Фигура замерла, произведя легкий фурор среди охраны. Министр медленно, как во сне, обернулся, шаря глазами по лицам, но, разумеется, не находя никого для себя знакомого.
– Анатолий Невинский. Елизавета Супранович, – повторил Анатолий подействовавшее заклинание еще раз, и Муравьев обнаружил, от кого оно исходило. Он думал ровно секунду, глядя на Анатолия.
– В машину, – сказал он скорей стоявшему рядом с ним «рядовому», нежели самому приглашенному, и, развернувшись, продолжил идти к выходу с прежней скоростью, в той же задумчивости.

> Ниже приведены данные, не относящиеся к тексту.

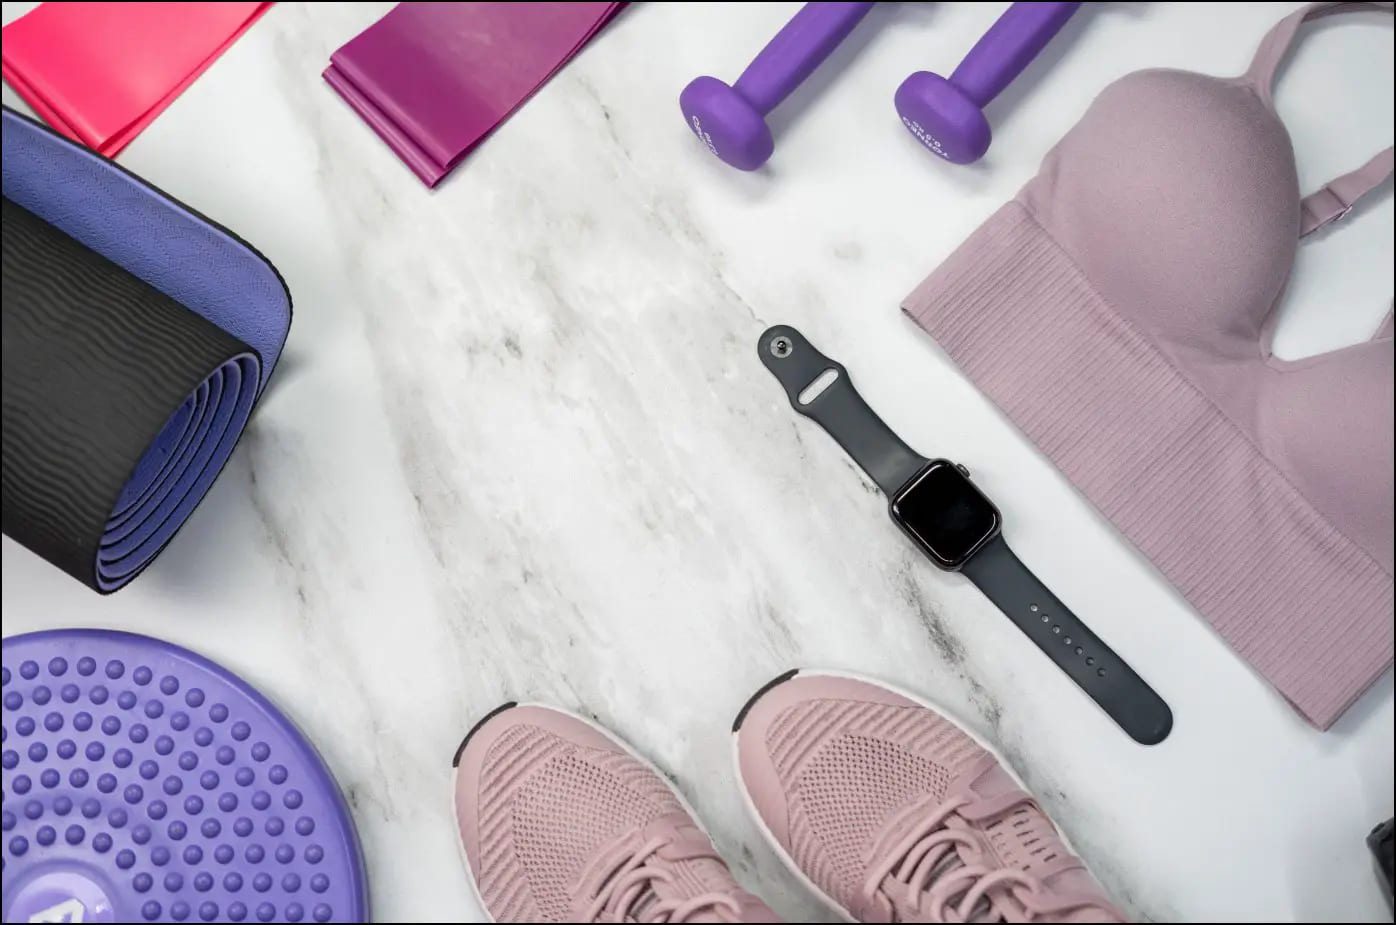 Smartwatch as a Daily Wearable, kept alongside Shoe and Yoga Mat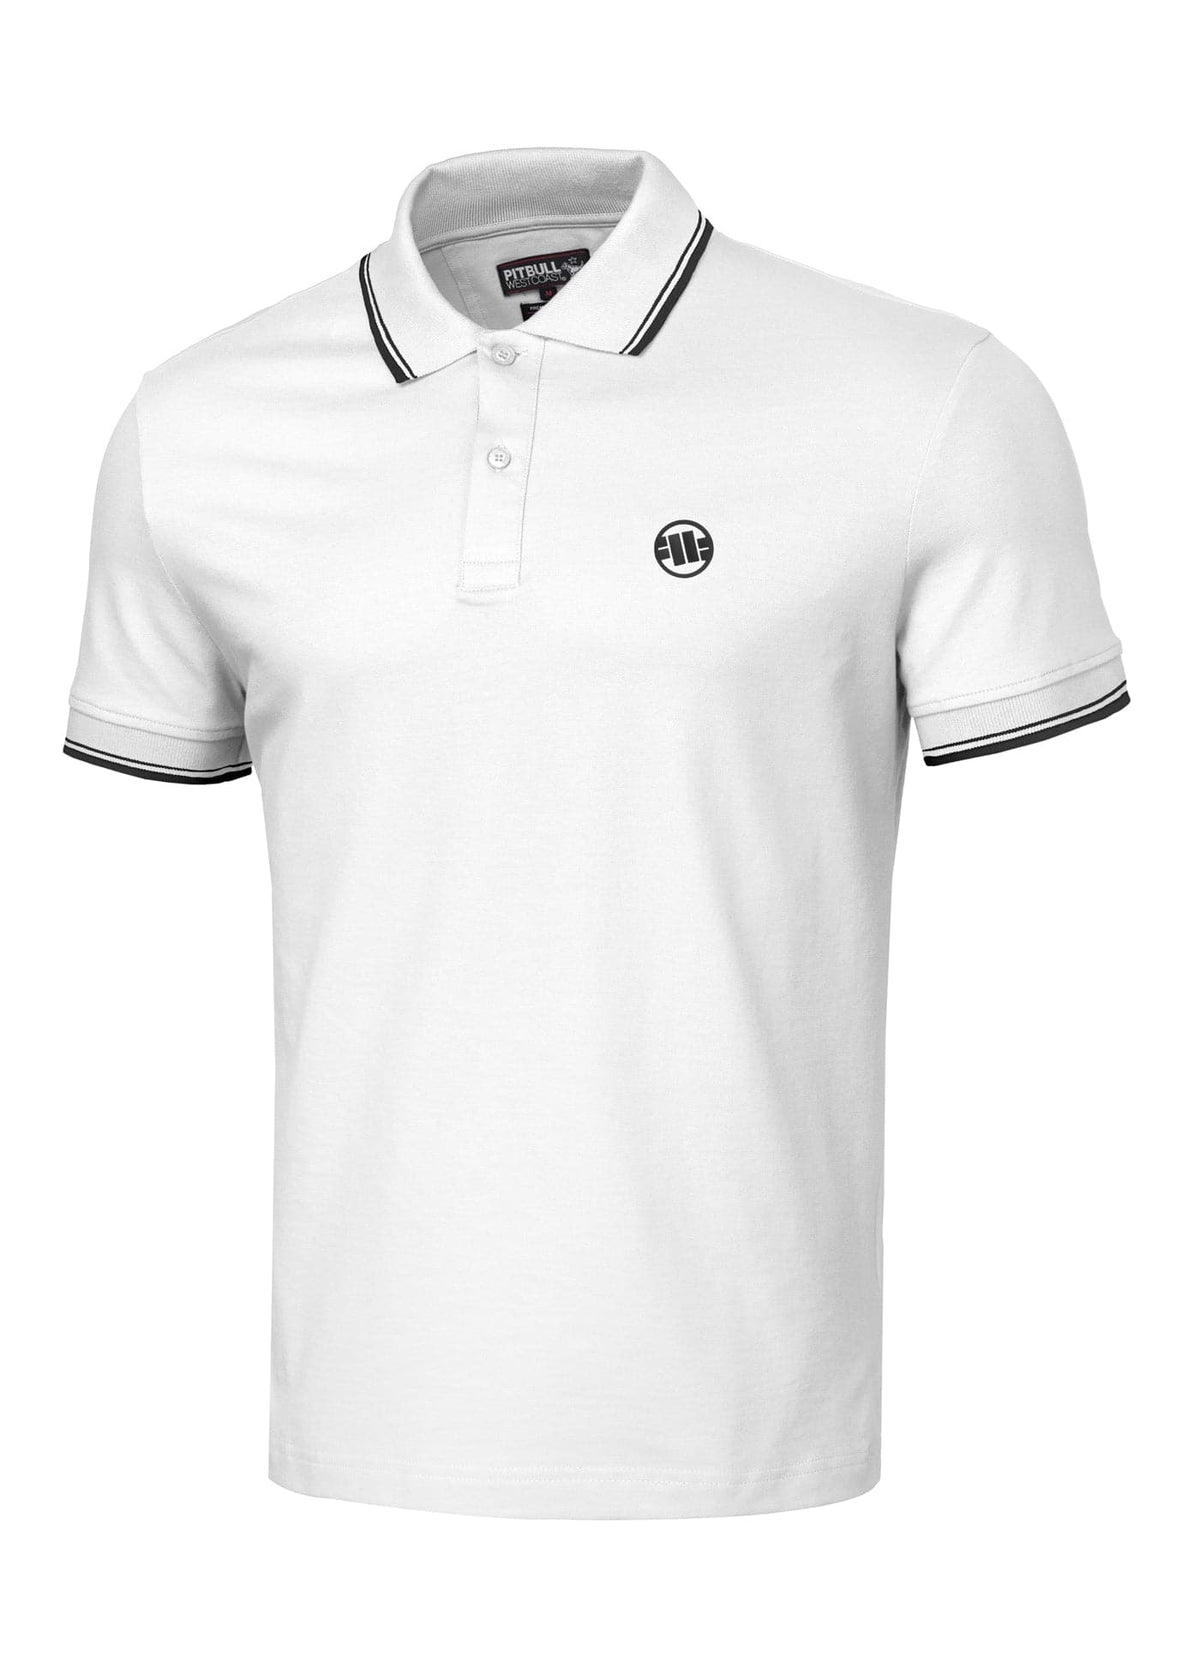 PIQUE STRIPES REGULAR White Polo T-shirt - Pitbullstore.eu

Анатолий был выдернут из толпы сильными, но довольно обходительными руками и поставлен на дорожку узкого свободного ручейка в проходе. Конечно, ему следовало идти за этой торжественной фигурой. Выйдя в фойе, он попытался было поравняться с министром, чтобы сказать ему что-то еще (что – он пока не знал: весь его многосложный план, начавшийся со звонка Дэну, заканчивался ровно здесь – на первых словах Муравьеву), но был остановлен кем-то шедшим сзади. Ладонь, едва умещавшаяся на его плече, выровняла его и несколькими рывками показала, что ему следует идти за, а не рядом.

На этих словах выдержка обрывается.